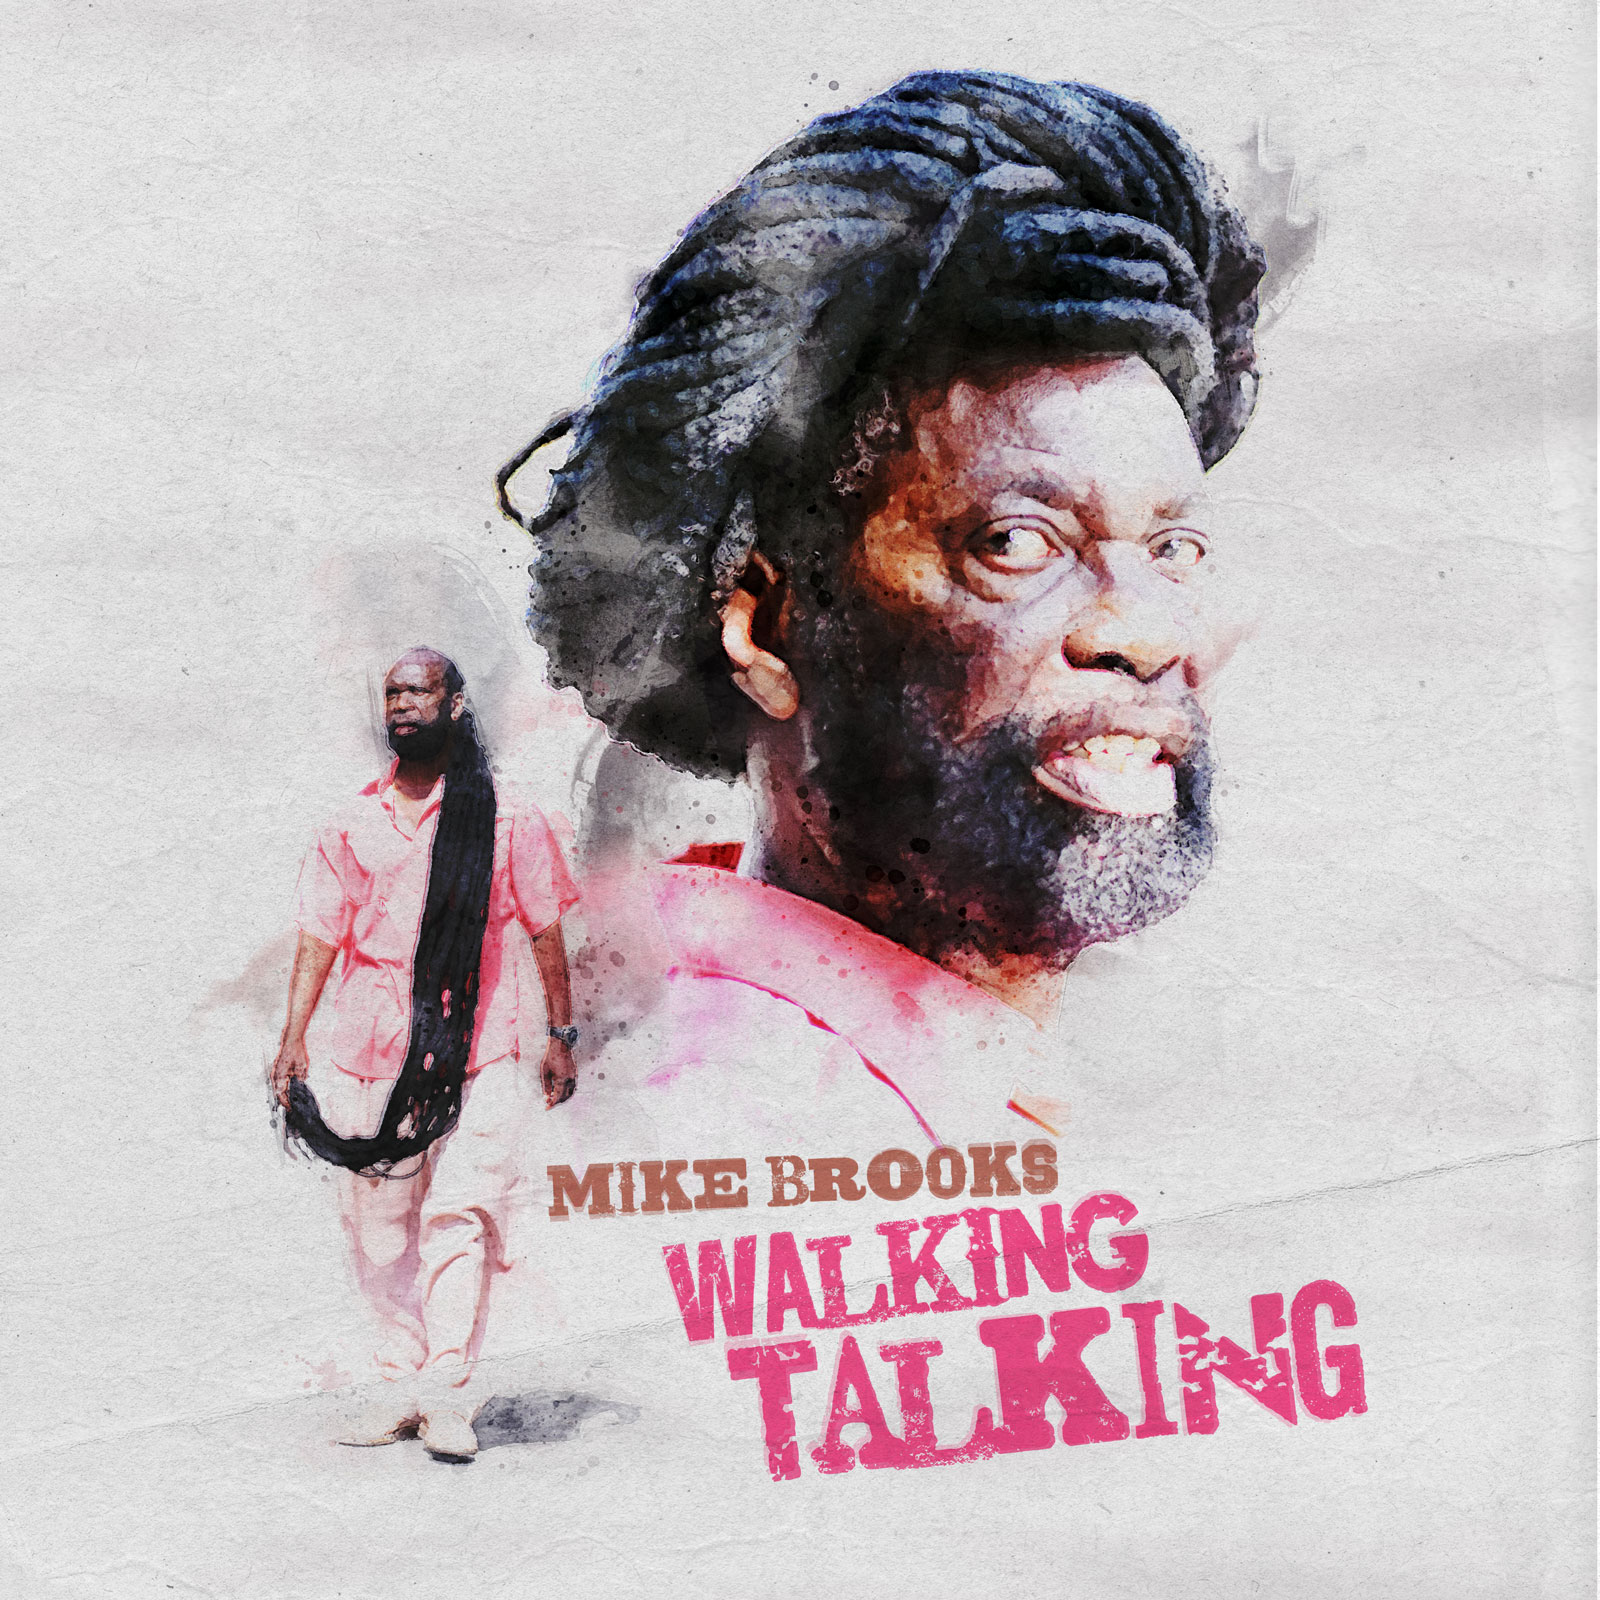 Mike Brooks: ‘Walking Talking’
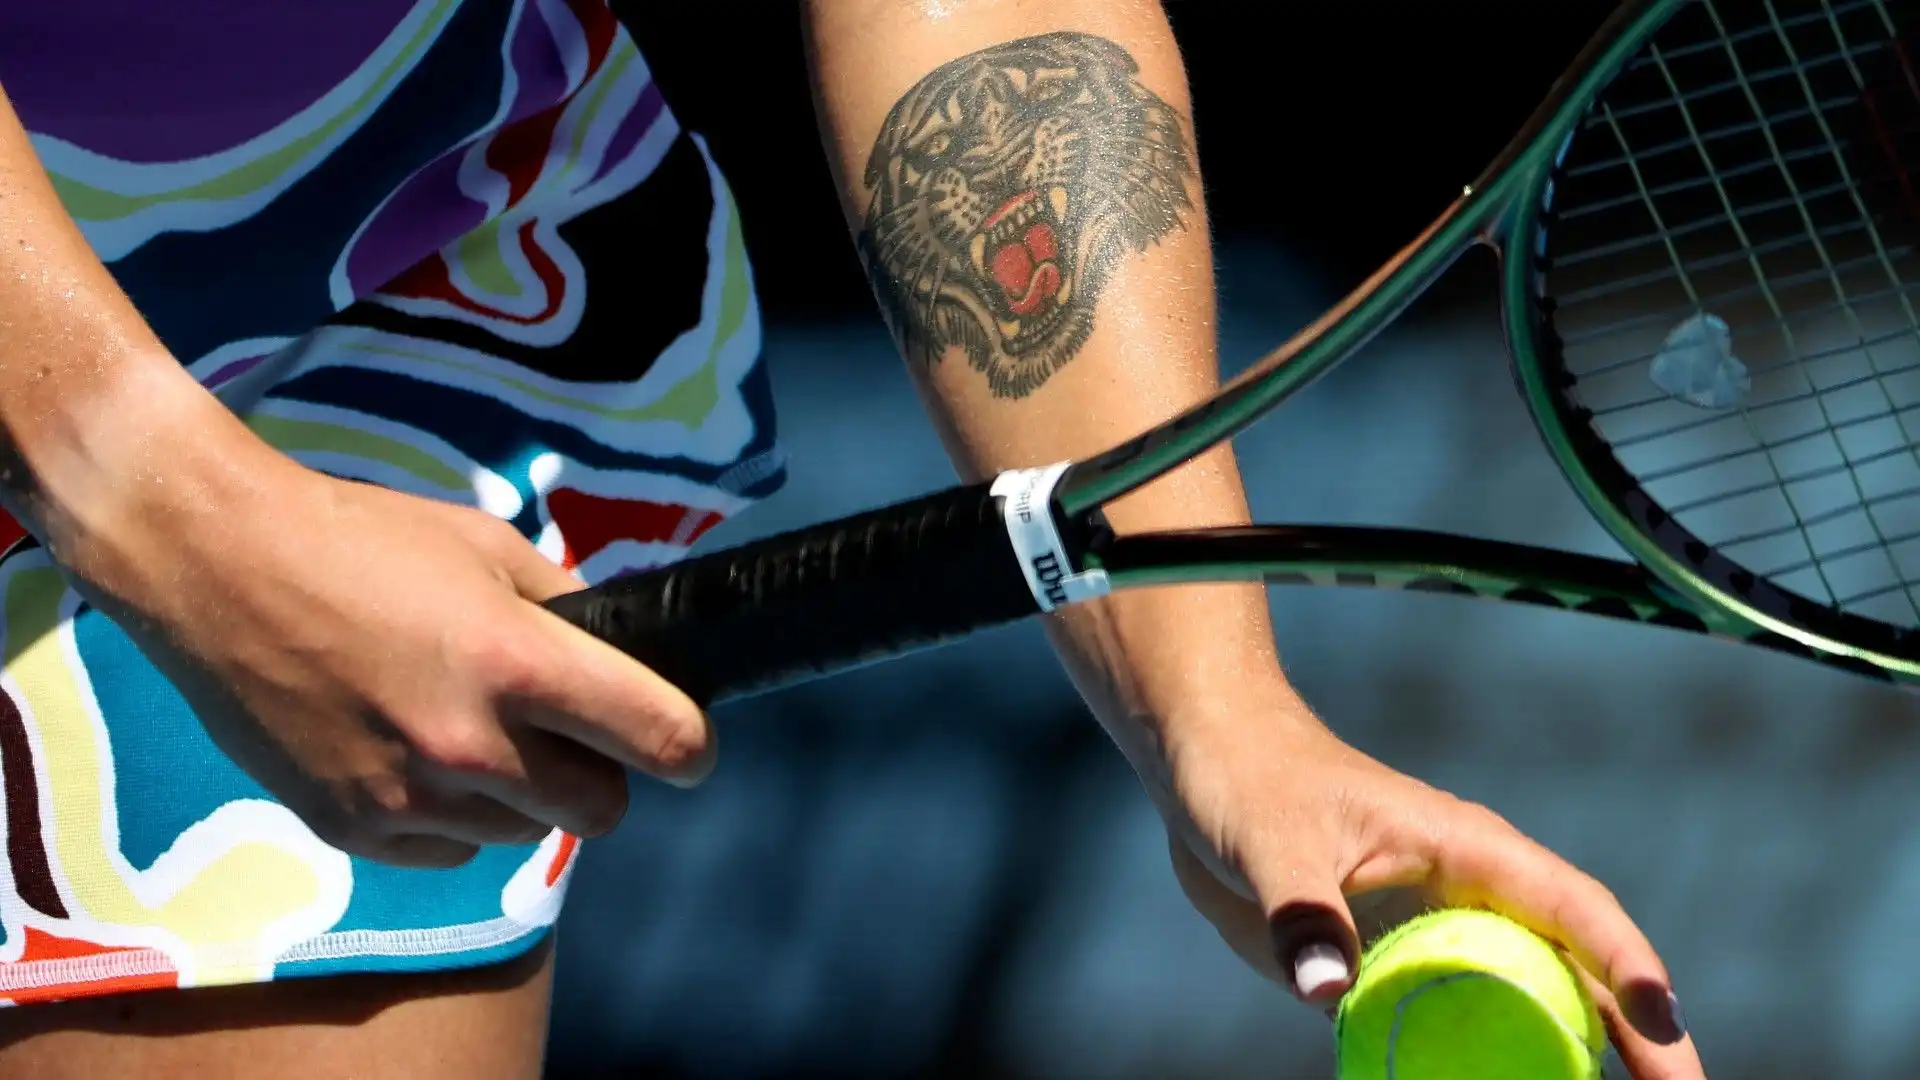 La tennista ha un enorme tatuaggio sul braccio sinistro: il disegno di una tigre feroce
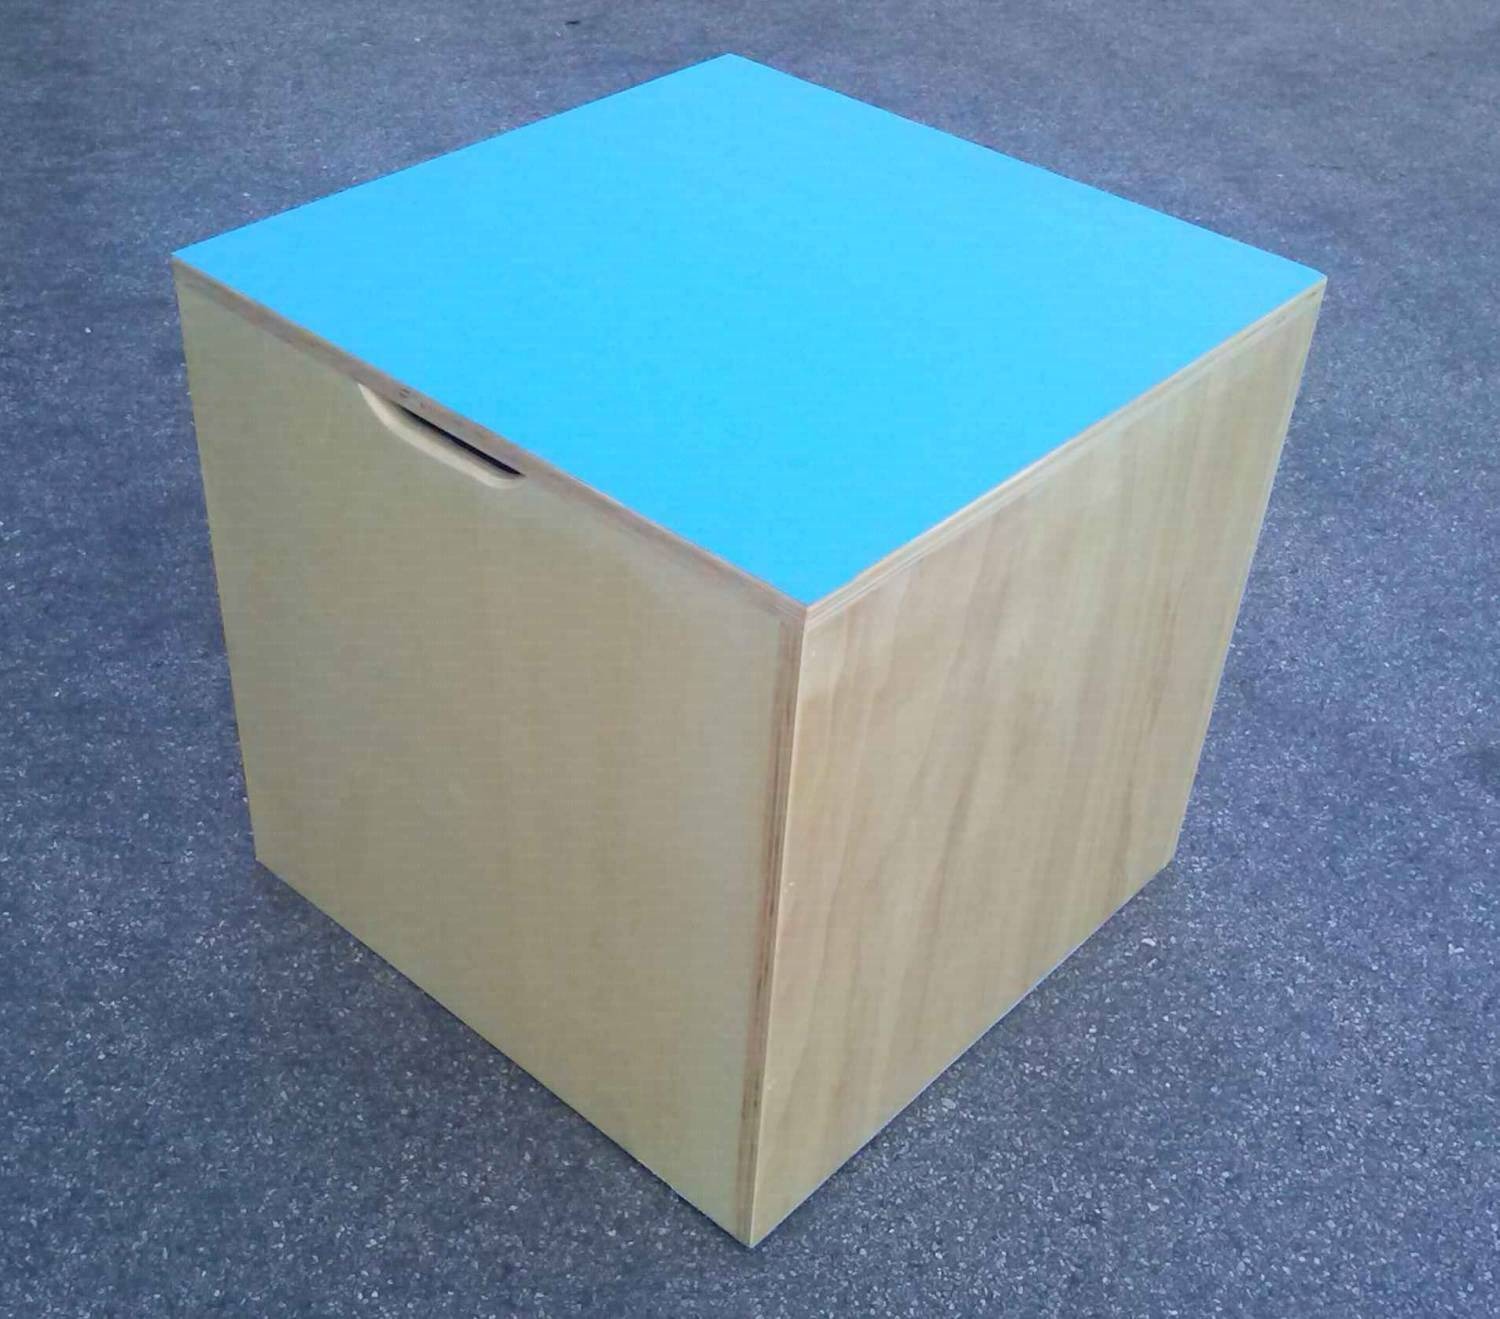 Cubo propriocettivo misura 80x80x80 cm., in legno con fondo e piano superiore dotato di antiscivolo, con impugnature per il trasporto.
● ● ● ● ●
Action item: Without the pictures, repeat the listing exactly as it reads.

Written response:
 Mike Brooks: ‘Walking Talking’
 La tennista ha un enorme tatuaggio sul braccio sinistro: il disegno di una tigre feroce
 Cubo propriocettivo misura 80x80x80 cm., in legno con fondo e piano superiore dotato di antiscivolo, con impugnature per il trasporto.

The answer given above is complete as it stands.